Friday, October 7, 2011

Execution

I was fortunate to be invited to a leadership summit recently hosted by our chief executive to elaborate the current strategy, the state of the union and plan for next year.  The portfolio and pace of initiatives were heavily discussed and the underpinning ingredient to success is people.  The organization has been stretched thin due to our size and also recruitment competitiveness.  Pinching and poaching is omnipresent targeting the technical savvy.

Execution has been poor in new entries and will continue to be the focus for the next few months.  I listened carefully the discussions among our senior leaders and watched with interest the behaviors that were displayed.
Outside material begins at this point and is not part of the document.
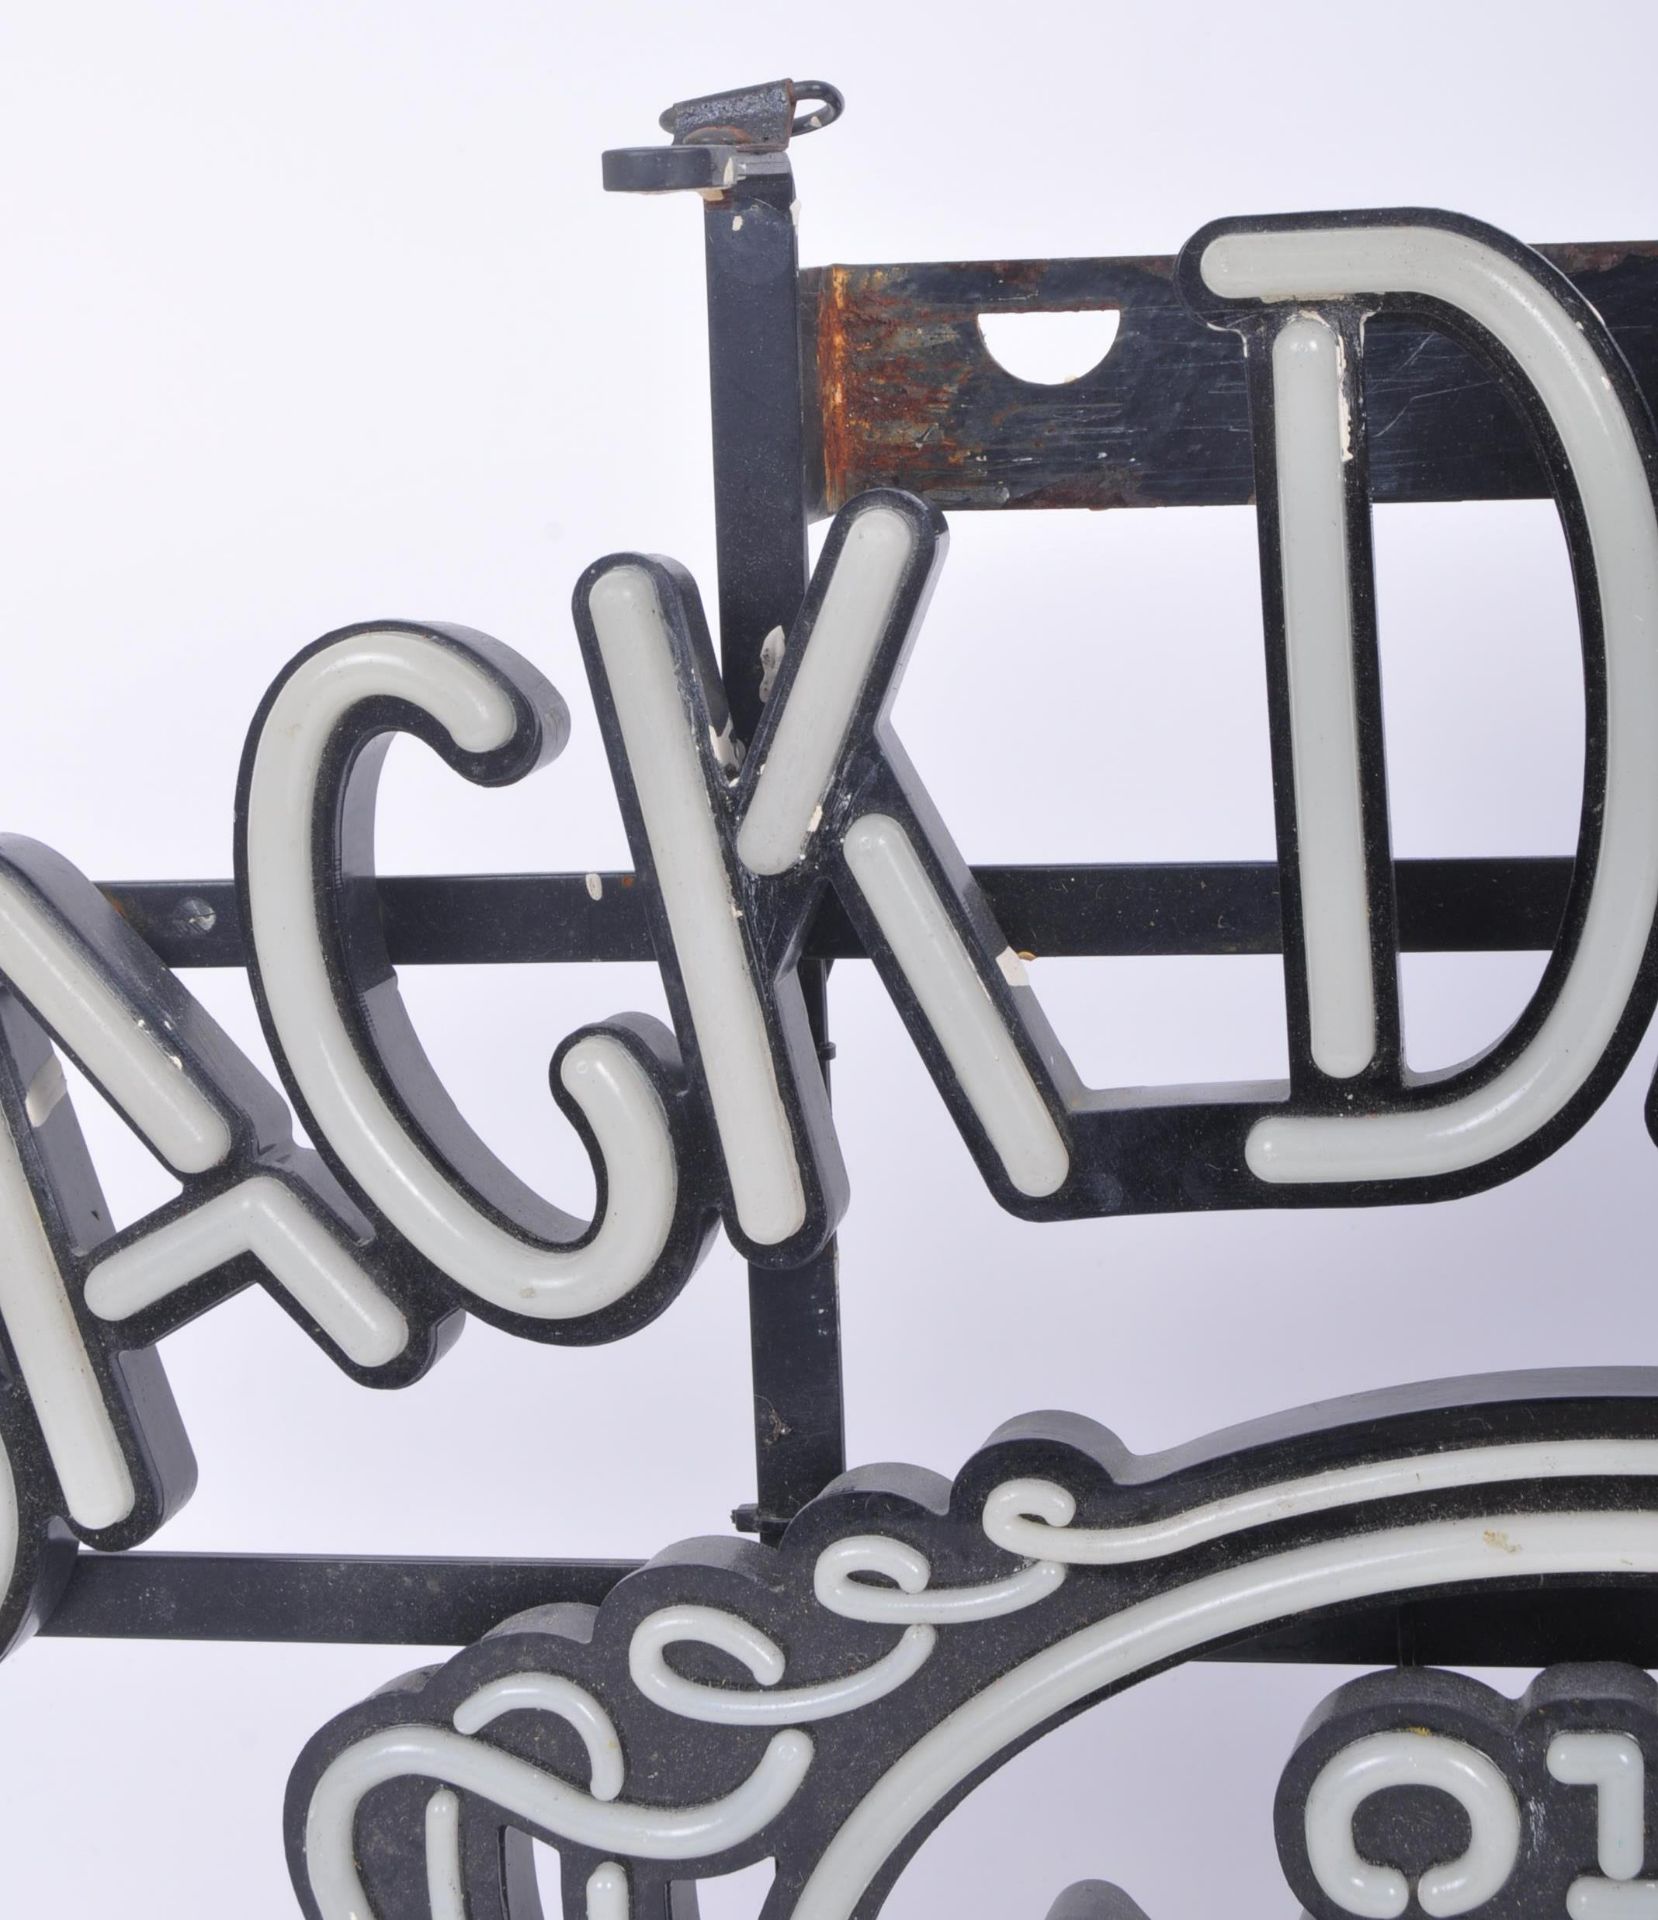 JACK DANIEL'S - CONTEMPORARY NEON STYLE LIGHT BAR SIGN - Image 4 of 8

People generally like to discuss issues and highlight problems with little focus on solutions.  That's when strong leadership is required to steer the direction of the discussions and decipher the real issues at hand.

When asked what execution meant, the typical answer is getting things done.  Execution is really a process and culture that enables things to get done.  The process must be embedded with a strong people process, talent management and above all, clear accountability.  The culture must reward performers who deliver and coach the ones who struggle.  With this in mind, it's imperative to tie strategy back to reality and operations plan.  This  is typically what needs to be tuned and tied together.

The areas I see needing improvement is around accountability.  Often accountability is vague especially in a matrix organization.  Who is responsible for delivering the plan?  Who is accountable for the execution of the strategy?  Successful organizations have figured this out well.  Accountability must always be a single point and not shared to avoid confusion and vagueness.  Many are responsible to play their individual roles in executing a given plan, but there must be only one single point accountability for delivering the business plan.  This needs to be refreshed from time to time.

Each individual leader must state clearly in his or her performance contract what they must achieve to deliver the plan. This must be stated clearly with tangible predictions of results, milestones and timeline.  Putting things like "deliver wells on time and budget" is just too vague.